At this point, most people might think, “We brought our print buyer from the Awareness Stage, nurtured them through the Consideration Stage, and they’ve placed an order with us. There you have it… one, two, three, and we’re done!

But, hold up a second. That line of thinking holds an essential piece of your print buyers’ journey that you cannot afford to overlook: When does your print buyers’ journey end, and what happens then?

That’s what you’ll unpack today. Take a look…

The End of the Line: Falling Out the Bottom of the Funnel

Did you know that the purchasing funnel concept has been around since 1898? Created by Elias St. Elmo Lewis, the sales/marketing funnel defined a buying journey by breaking it down into distinct stages: awareness, interest, desire, and action.

Today, you’ll see many varieties of these funnels with differing amounts of stages or levels and with different names. Still, the concept is generally the same: marketing leads come in through the top of the funnel, and sales come out through the bottom. If you don’t have enough sales coming out the bottom, you simply need to “widen the funnel” and get more leads pouring in.

Seems easy enough, right? So, what’s the issue?

Technology

The biggest change to the funnel concept is how customers, including your print buyers, interact with brands today.

Technology has affected everything from how consumers become aware of and interact with your brand to how they gain information about your products and services.

And, if Suzie Q. has an opinion to share about your products or the service she received with you, she’s no longer limited to sharing her thoughts with only her friends, family, or neighbors. Today’s Suzie Q. can almost effortlessly broadcast thoughts and opinions regarding your business anywhere in the world (both to your praise or detriment).

Distrust and Lack of Human Connection

Another blow to the funnel concept is that while online customer reviews continue to increase, there has simultaneously been a growing distrust of both marketers and salespeople.

This means people are looking more to word-of-mouth endorsements and recommendations from those they know and trust and to independent research instead of consulting with a company’s sales personnel. It also means that most touchpoints your business has with a potential client will be outside of your control.
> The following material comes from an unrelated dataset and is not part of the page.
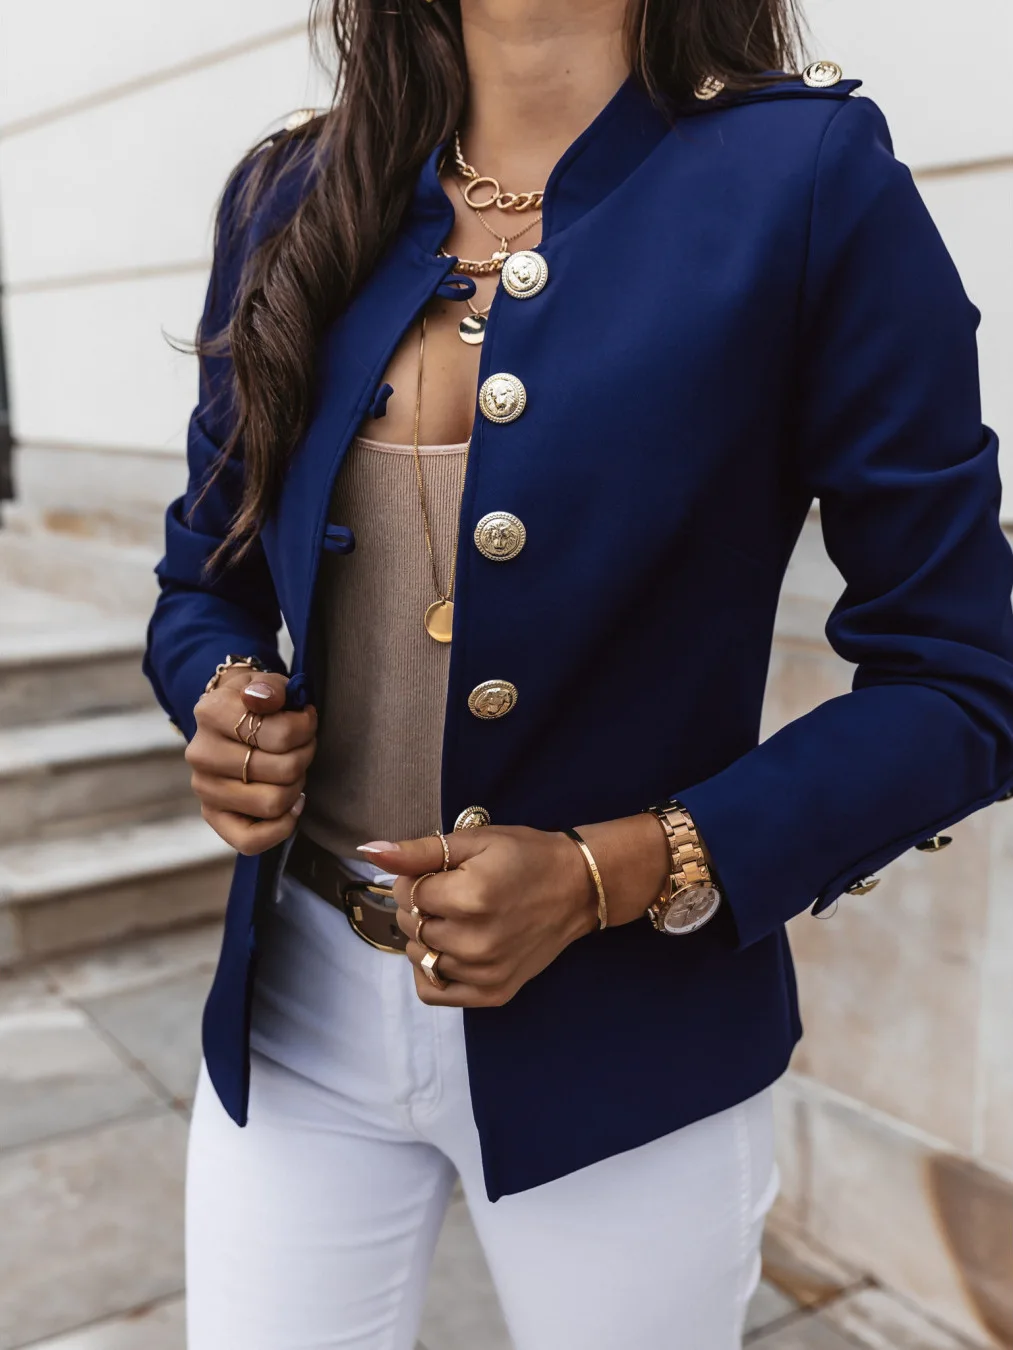 2021 New Fashion Stand Collar Blazers Women Solid Colors Single Breasted Office Jacket Long Sleeve Multi Button Slim Work Blazer

The biggest thing to remember about a funnel ideology is that the output of the funnel is paying customers. Once they leave the funnel, they are often forgotten about, leaving your print buyers to feel like they’re just another number and leaving you missing out on repeat sales.

Enter the Flywheel: A Relationship-Building Approach

Today’s print buyers need a printer they can have a relationship with – a printer they can communicate with, and they can approach – an actual human being.

Consumers are tired of being dumped into a symbolic funnel and thought of as mere money in the bank or sales figures on a spreadsheet. This is where building and nurturing relationships before, during, and after an order is placed will be a fresh and welcomed approach by your audience. But how do you do that?

You change your mindset and approach from the funnel to a flywheel.

What is the Flywheel Approach for a Print Buyers’ Journey?

First off, if you’re unfamiliar with the term ‘flywheel,’ here’s a basic way to explain it:

A flywheel is a mechanical device designed to use momentum to store energy for future use.

In your car, for example, your flywheel helps to smooth out the delivery of power from your engine to your wheels. As Britannica.com states, “The inertia of the flywheel opposes and moderates fluctuations in the speed of the engine and stores the excess energy for intermittent use.”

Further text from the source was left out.